Provided information:

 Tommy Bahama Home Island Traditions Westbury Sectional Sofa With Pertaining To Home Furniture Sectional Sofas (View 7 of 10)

---

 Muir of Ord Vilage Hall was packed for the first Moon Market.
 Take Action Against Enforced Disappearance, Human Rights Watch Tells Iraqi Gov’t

* * *

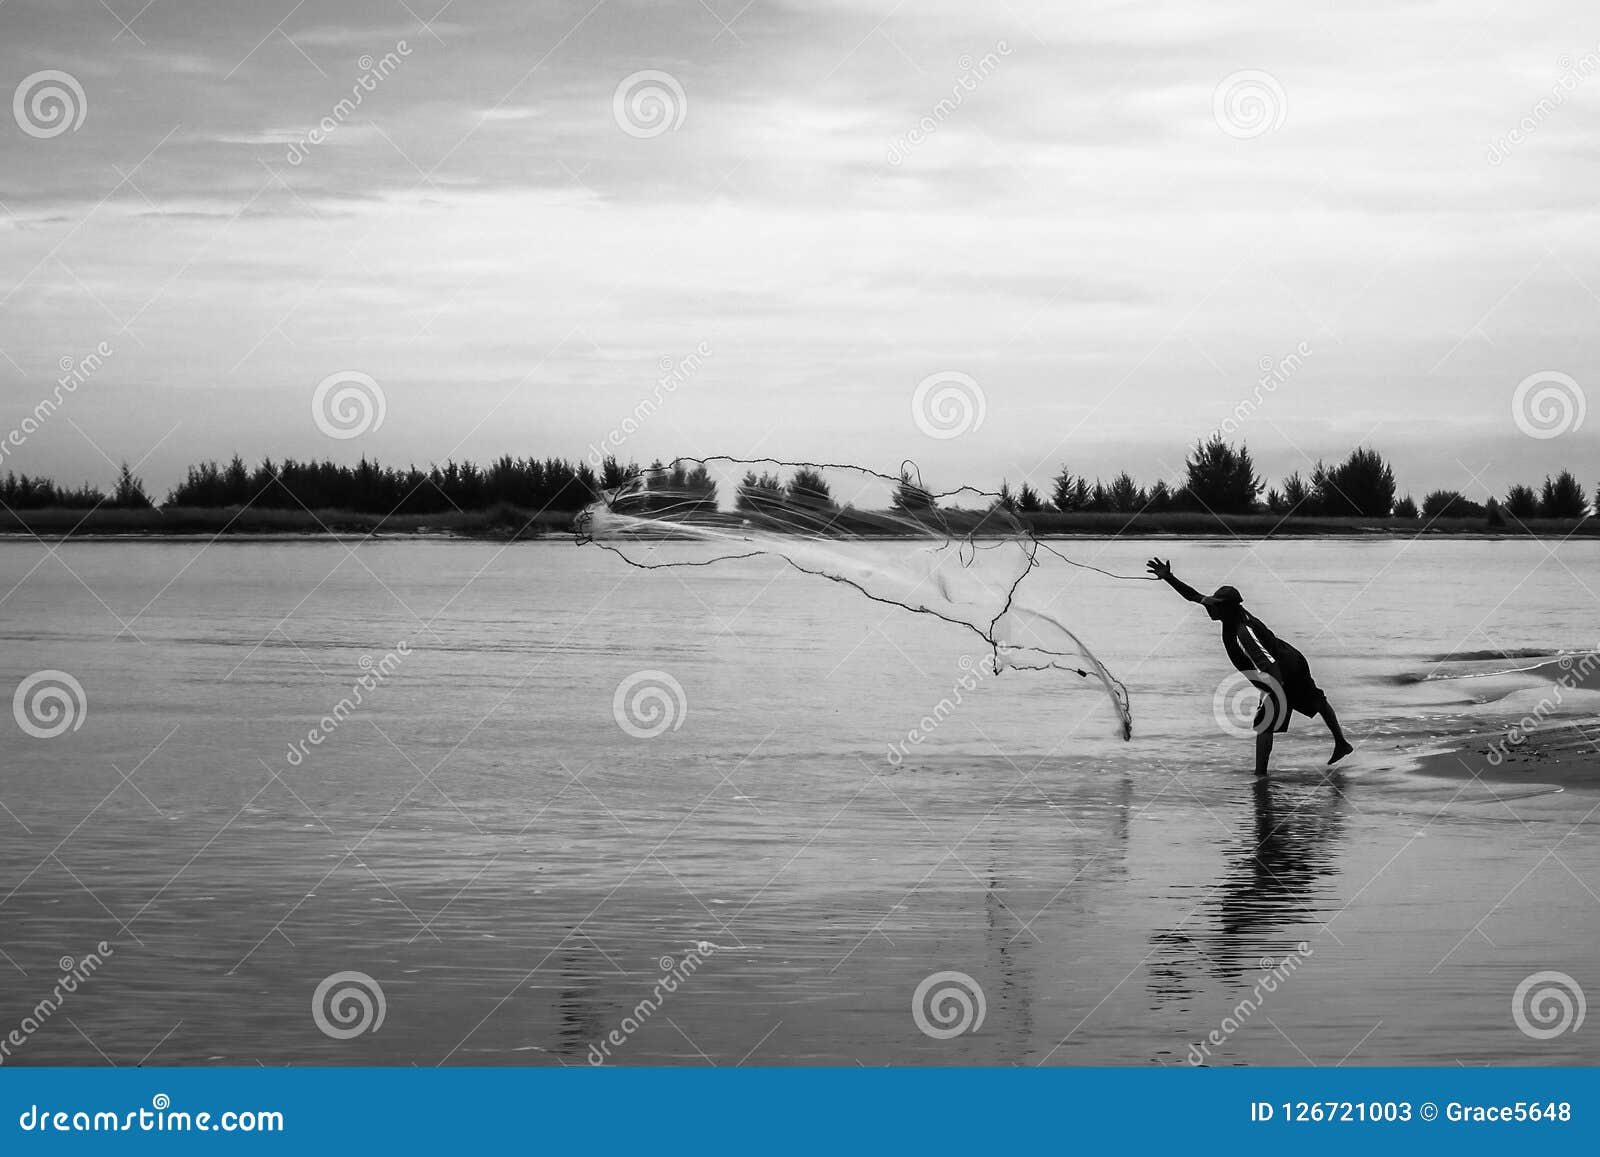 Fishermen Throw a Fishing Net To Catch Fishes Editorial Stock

Work instructions: Only the lines above from the one with "Muir of Ord" up to and including the one with "Take Action Against" should be repeated, exactly as written.

Solution for this task:
 Muir of Ord Vilage Hall was packed for the first Moon Market.
 Take Action Against Enforced Disappearance, Human Rights Watch Tells Iraqi Gov’t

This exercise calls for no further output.